Inflasi adalah melemahnya nilai tukar uang terhadap barang. Inflasi merupakan kondisi di mana indeks harga barang terus mengalami kenaikan. Dalam kondisi inflasi harga barang-barang menjadi lebih mahal.
Deflasi adalah menguatnya nilai tukar uang terhadap barang. Deflasi merupakan kondisi penurunan harga secara terus-menerus dalam periode tertentu. Pada kondisi deflasi harga barang-barang menjadi lebih murah.
Pada saat terjadi inflasi, uang yang beredar di pasar/masyarakat lebih banyak daripada barang dan jasa yang tersedia, sedangkan deflasi adalah kebalikannya yaitu uang yang beredar di pasar/masyarakat lebih sedikit daripada barang dan jasa yang tersedia.
Dengan deflasi, bukankah itu membuat masyarakat merasa diuntungkan, karena dapat hidup dengan biaya lebih murah?. Padahal yang akan terjadi justru tidak seperti itu, jika kondisi deflasi tersebut terjadi berkepanjangan, justru akan membuat kacau kondisi perekonomian. Ssektor industri perlahan-lahan akan mati. Apabila itu terjadi, lagi-lagi masyarakat juga yang akan dirugikan. Intinya inflasi maupun deflasi sama-sama masalah yang harus dapat dikendalikan.
Beberapa hal yang menyebabkan terjadinya inflasi diantaranya adalah biaya produksi suatu barang yang terus meningkat dari waktu ke waktu. Baik itu pembelian bahan baku maupun upah tenaga kerja dan biaya operasional lainnya. Dalam hal jumlah produksi barang dan jasa tetap namun tingkat permintaan terhadap barang dan jasa makin naik, maka harga barang dan jasa pun akan terkerek naik.
Penambahan jumlah utang Pemerintah untuk menutup kekurangan anggaran yang membuat bank sentral (Bank Indonesia) mencetak uang baru sehingga uang yang beredar di pasar/masyarakat menjadi lebih banyak, merupakan salah satu penyebab lainnya yang membuat naiknya harga barang dan jasa.
Deflasi dapat terpicu apabila bank sentral menerapkan kebijakan uang ketat. Program penghematan anggaran yang dilakukan Pemerintah juga dapat memicu terjadinya deflasi. Dengan dua kebijakan tersebut uang yang beredar di pasar/masyarakat menjadi berkurang. Program penghapusan pajak konsumen yang ditetapkan pemerintah juga dapat memicu terjadinya deflasi.

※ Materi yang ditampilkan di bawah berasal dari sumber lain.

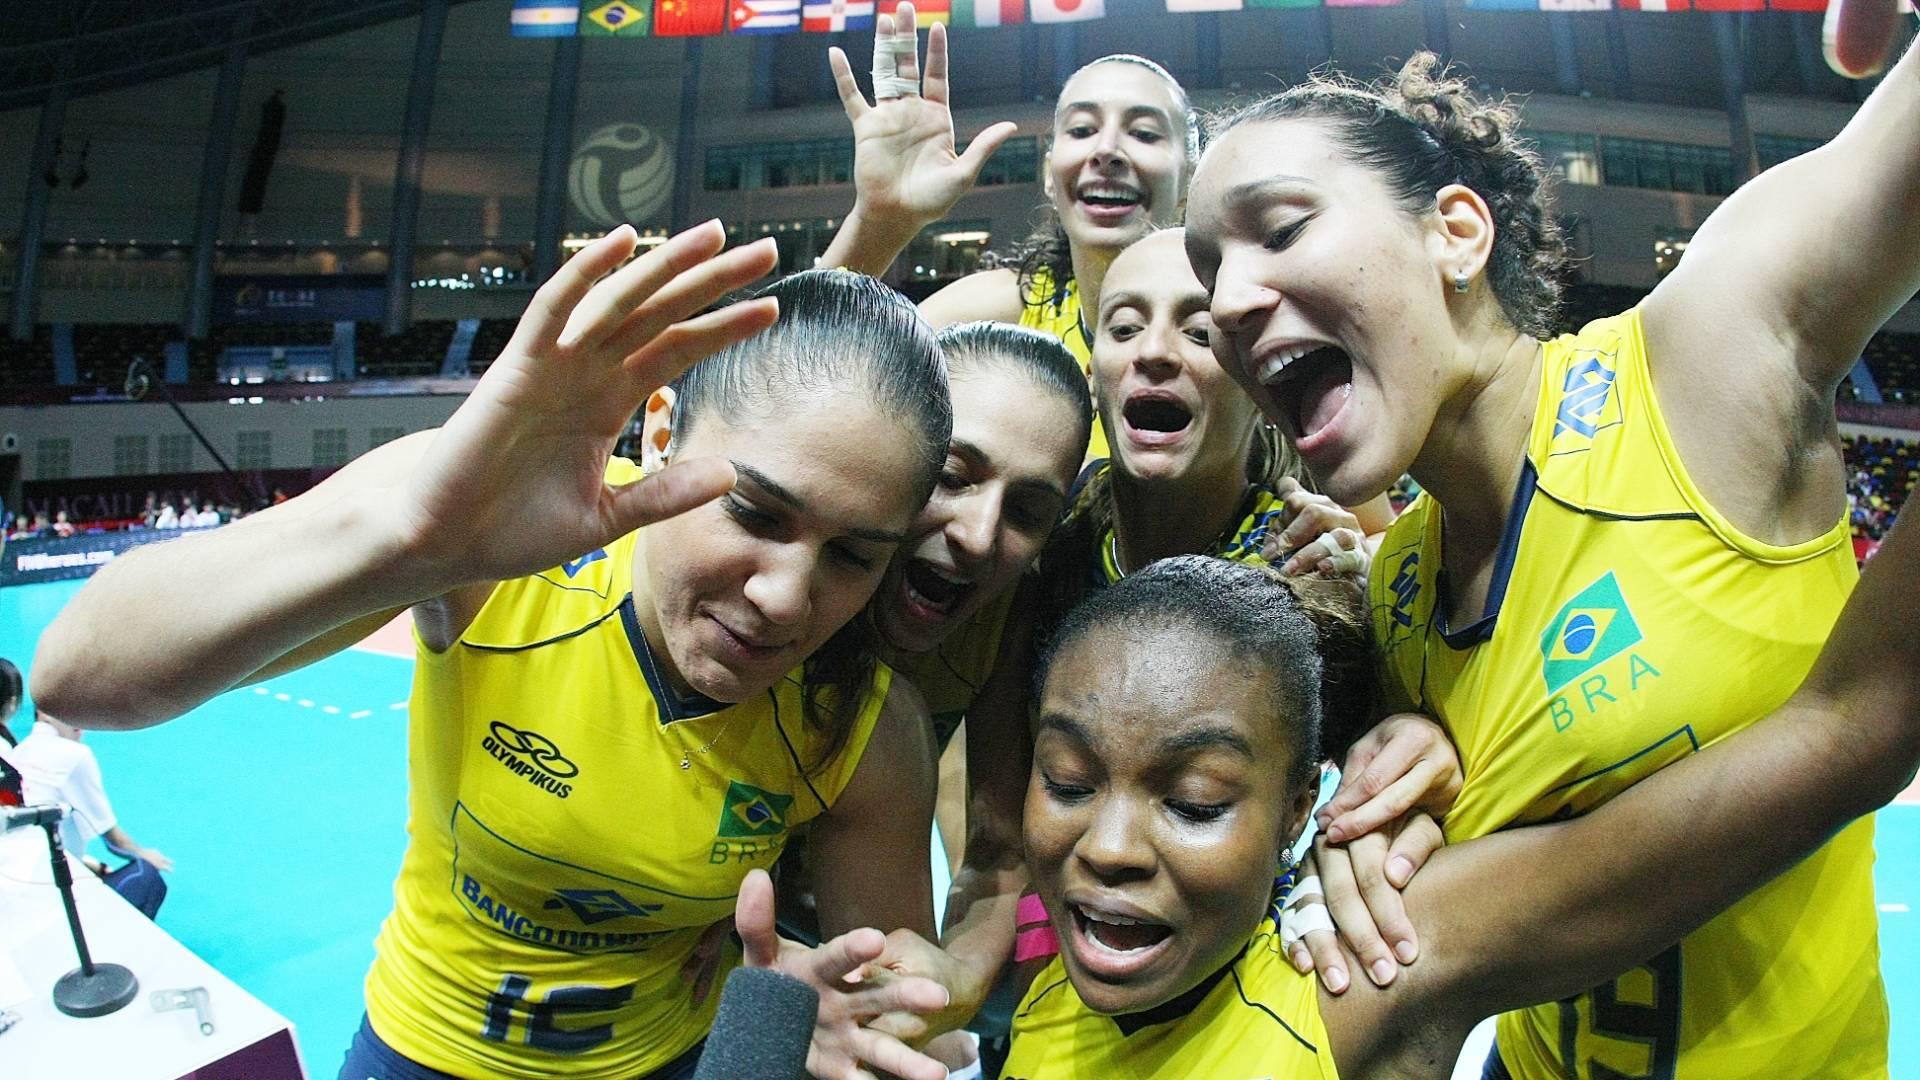 Jogadoras brasileiras tentam mandar recado em câmera de TV depois da vitória sobre a Itália

Bagi dunia industri, inflasi menyebabkan naiknya pendapatan. Dengan kenaikan harga penjualan barang atau jasa yang lebih tinggi dibanding dengan kenaikan biaya produksi menyebabkan keuntungan bersih yang didapatkan menajdi lebih besar. Pada kondisi inflasi yang terkendali, sektor industri akan terus bergerak dan perekonomian pun tumbuh.
Namun apabila kondisi tersebut terus terjadi berkepanjangan dan tidak terkendali, dunia industri pun akan terpukul, karena dengan harga barang yang terus naik sementara pendapatan masyarakat tetap, daya beli akan menurun, harga barang akan sulit dijangkau, yang pada akhirnya barang atau jasa yang diproduksi tidak ada yang beli. Apabila barang atau jasa tidak ada yang beli, maka industri dipastikan bangkrut.

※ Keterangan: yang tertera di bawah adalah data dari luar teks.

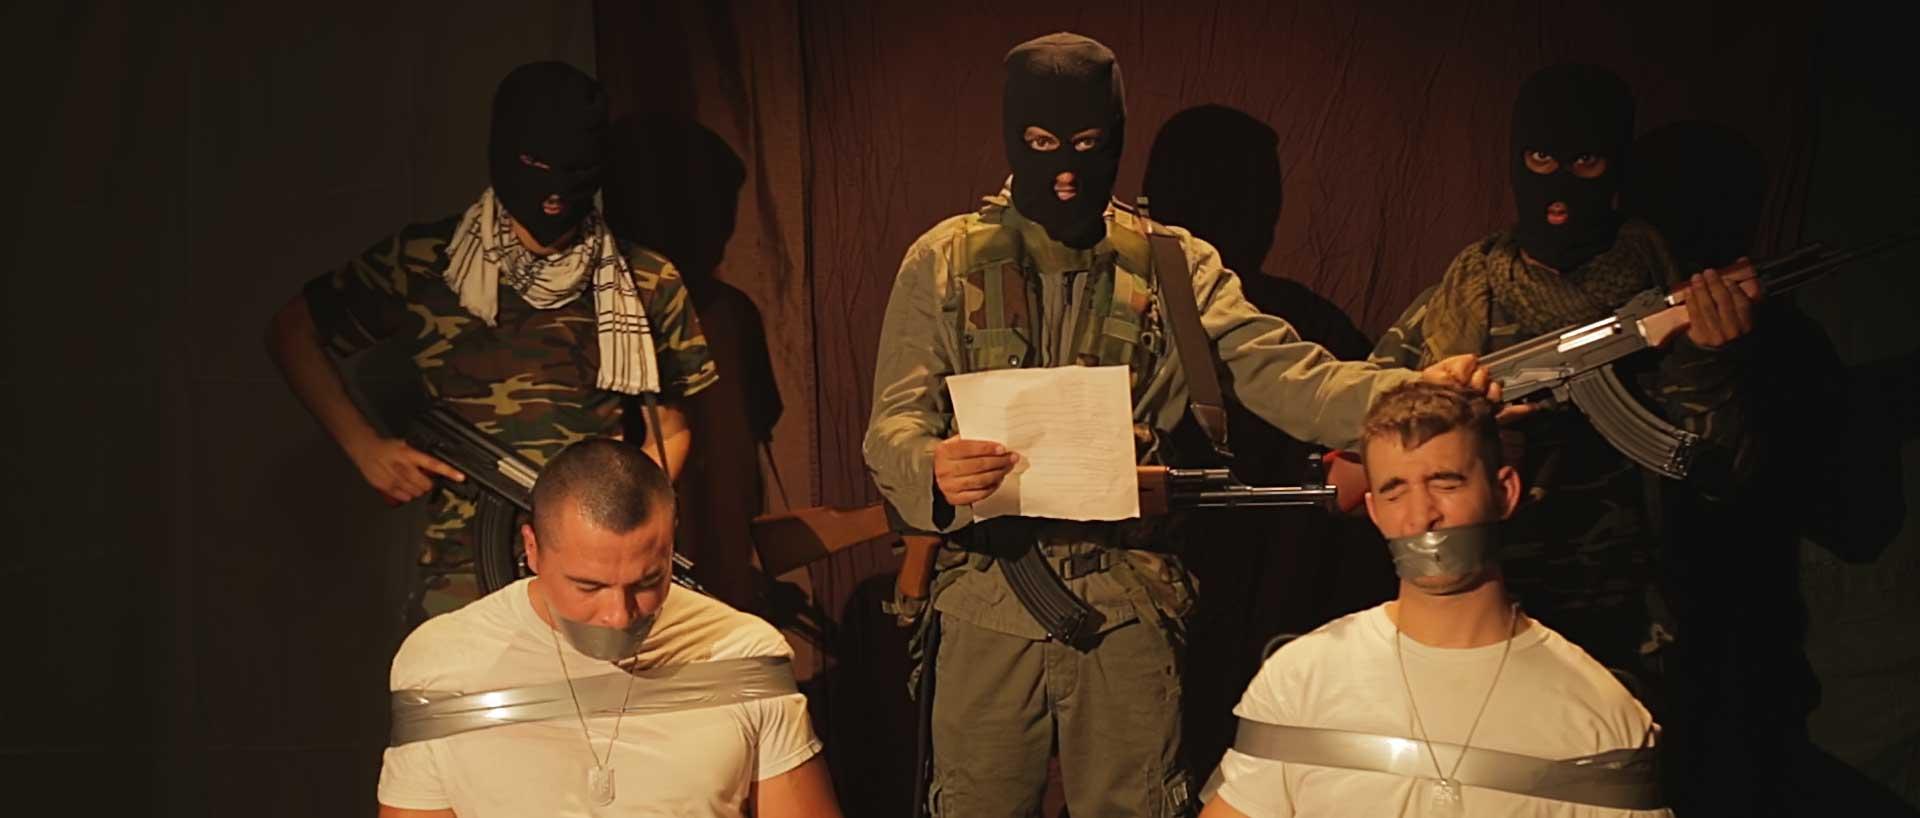 American-Hostage-still-(1)

Saat terjadi inflasi yang parah, maka nilai investasi akan menurun, suku bunga akan naik (mendorong masyarakat untuk menyimpan uangnya di bank untuk mengurangi jumlah uang beredar), terjadi defisit neraca pembayaran, dan pada akhirnya kesejahteraan masyarakat akan menurun.

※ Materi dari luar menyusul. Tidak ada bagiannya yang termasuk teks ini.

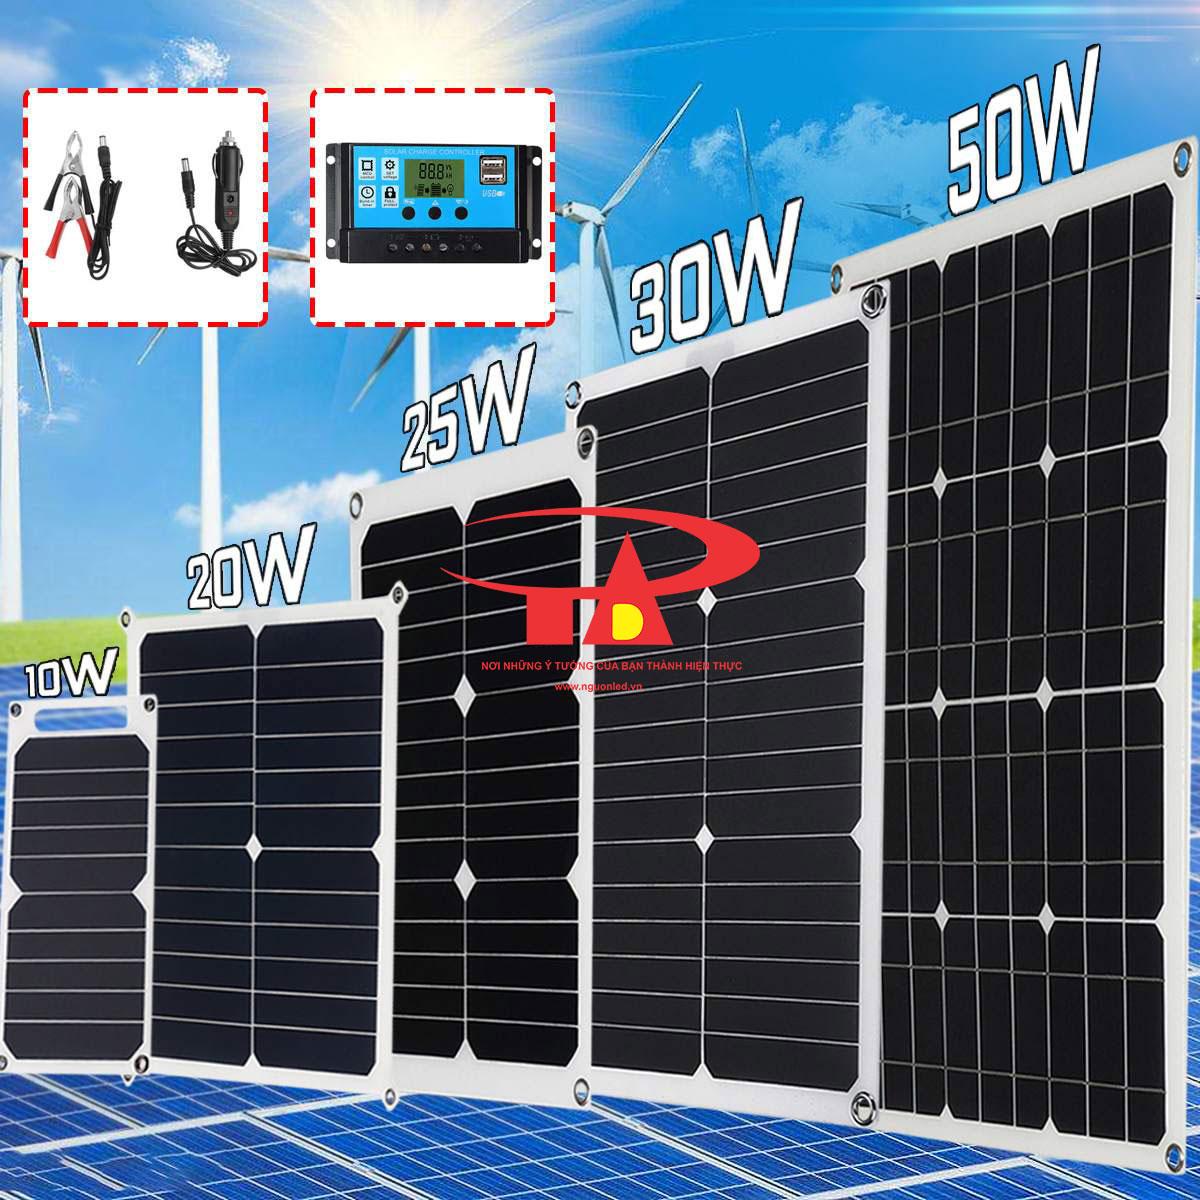 tấm pin năng lượng mặt trời 50w dùng cho thiết bị điện

Inflasi yang parah kini terjadi di Venezuela yang tingkat inflasi bulanannya mencapai 200 persen. Harga jual satu kilogram daging ayam di Venezuela mencapai 14,6 juta Bolivar. Kondisi inflasi yang parah terjadi juga di Zimbabwe sejak lama. Inflasi harian di Zimbabwe mencapai 98%, sehingga harga barang berubah setiap hari.
Dalam kondisi deflasi, harga barang dan jasa menjadi lebih murah, sedangkan di sisi lain biaya produksi dan upah tenaga kerja serta biaya operasional lainnya tetap, maka keuntungan bersih yang didapat oleh industri menjadi berkurang.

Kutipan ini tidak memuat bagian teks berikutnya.